(Given information)

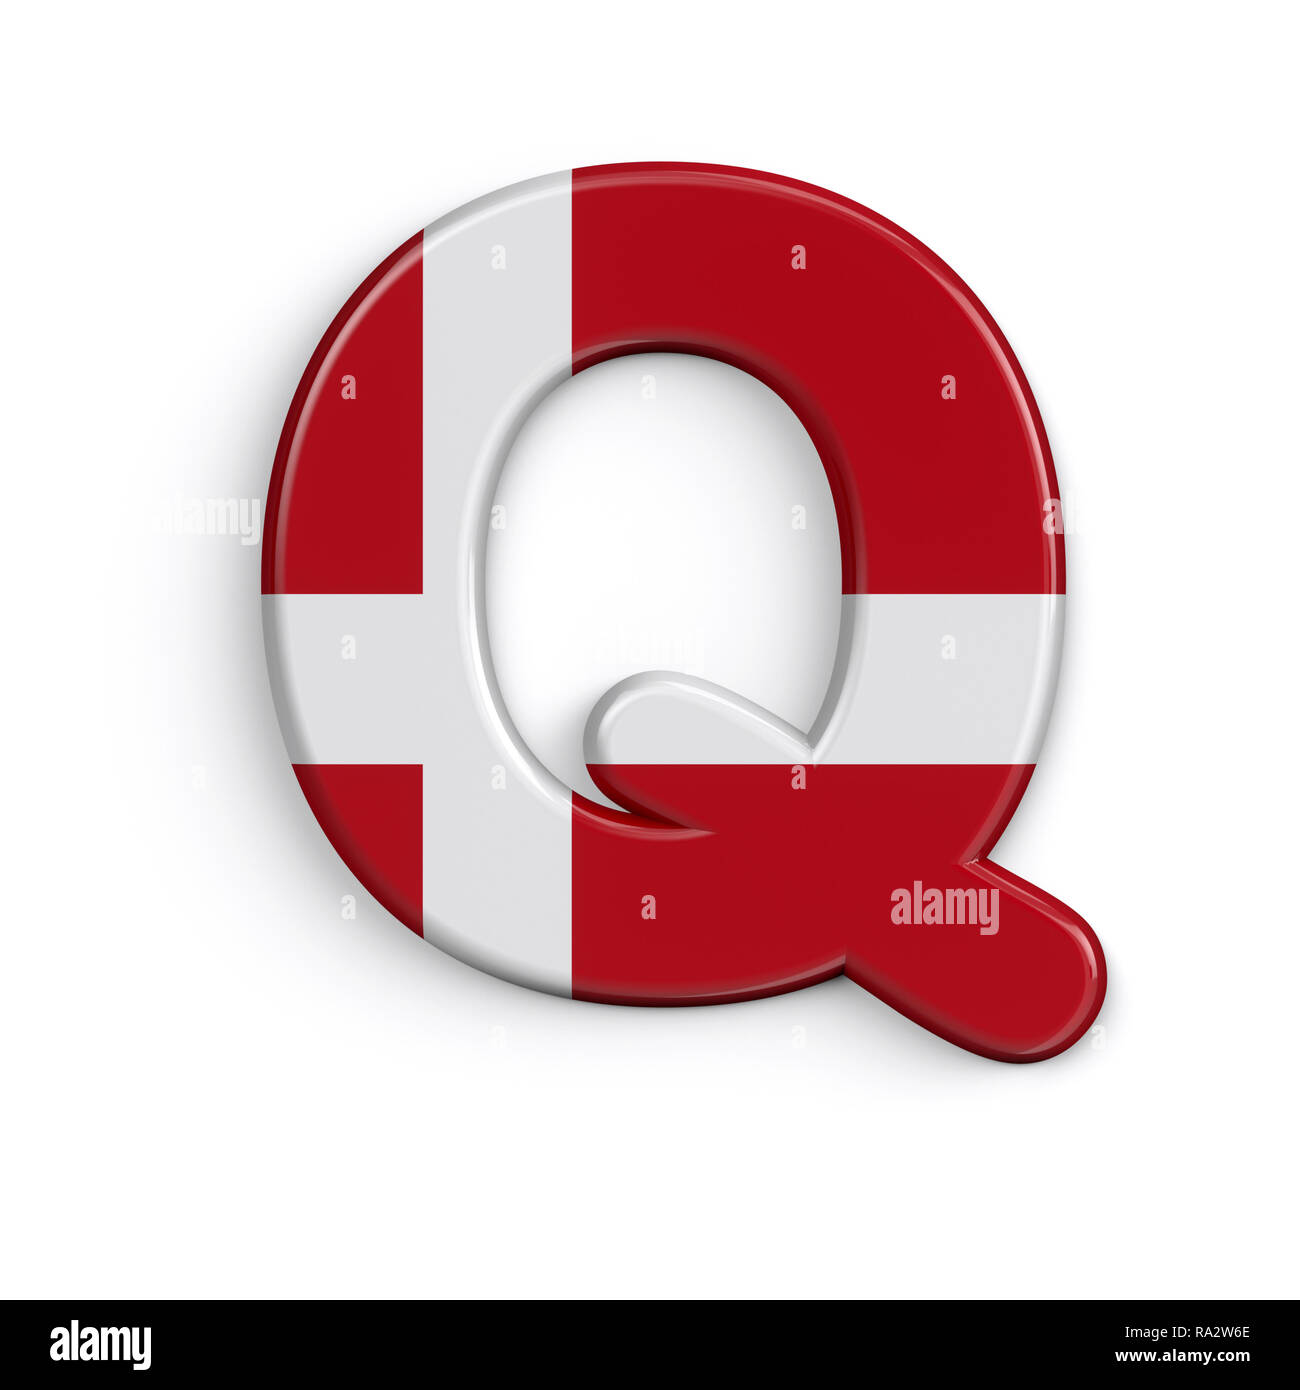 Dinamarca la letra Q - 3d grande bandera danesa font aislado sobre fondo blanco. Este alfabeto es perfecto para creativos ilustraciones relacionadas pero no limitado Foto de stock
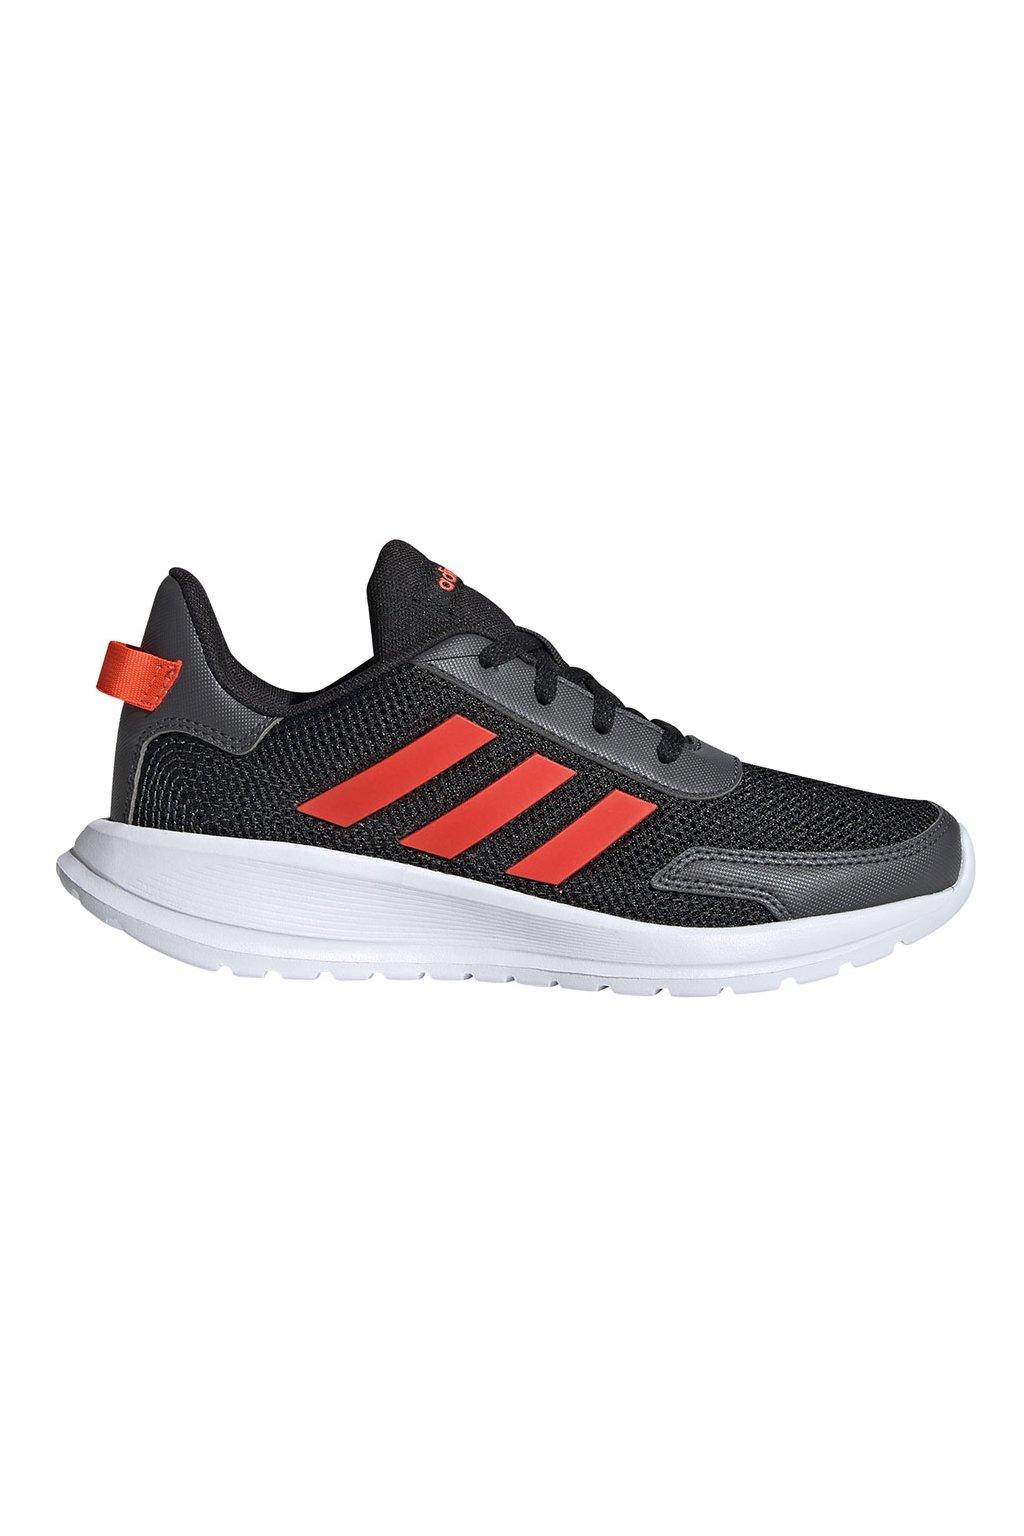 Detská obuv Adidas Tensaur Run K čierno-oranžová EG4124
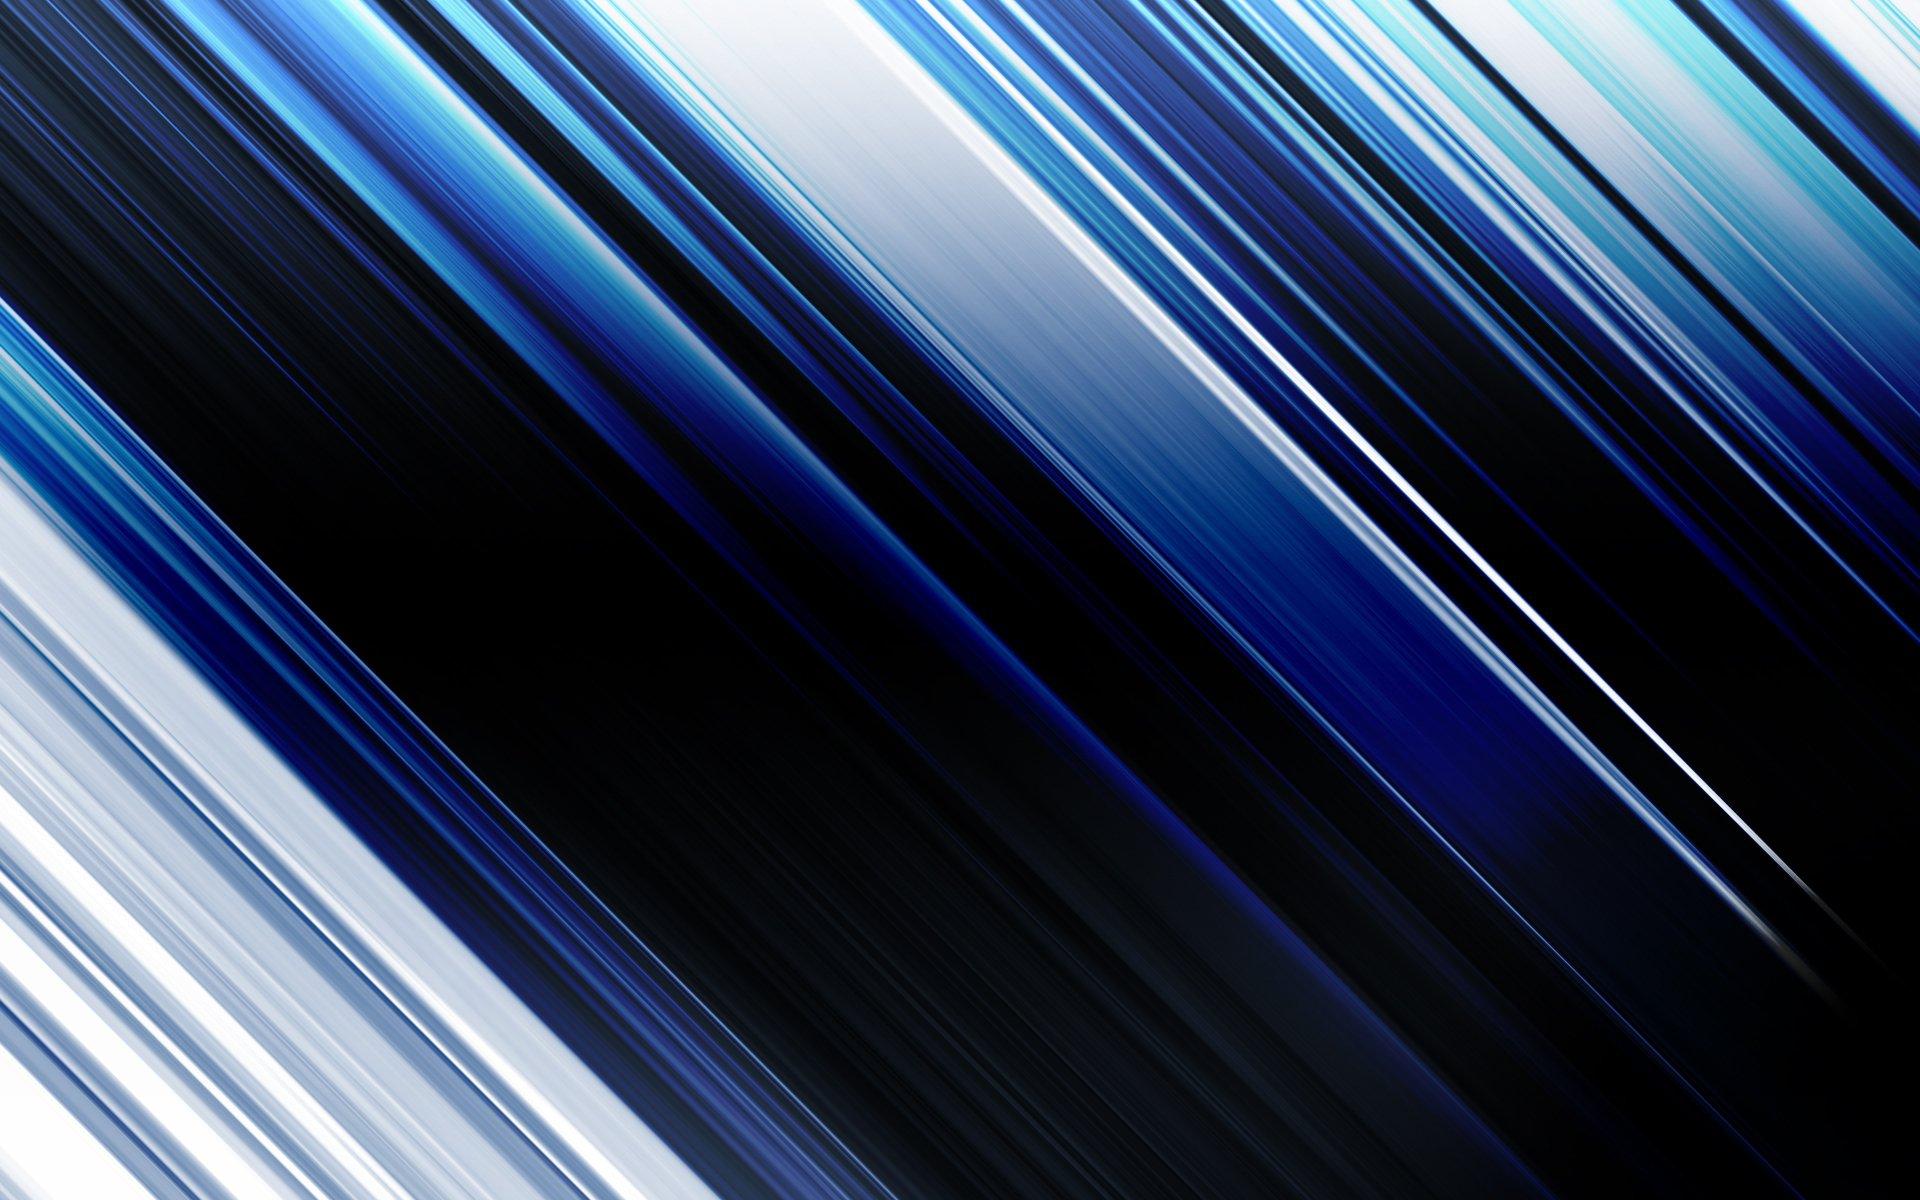 Черно-синие линии  № 2328015 без смс

(End Given information)

Copy, exactly and exclusively, the lines beginning with the one that contains "Detská obuv Adidas" and ending with the last line of the listing; pictures are to be omitted.

▸ **Reply**
 Detská obuv Adidas Tensaur Run K čierno-oranžová EG4124
 Черно-синие линии  № 2328015 без смс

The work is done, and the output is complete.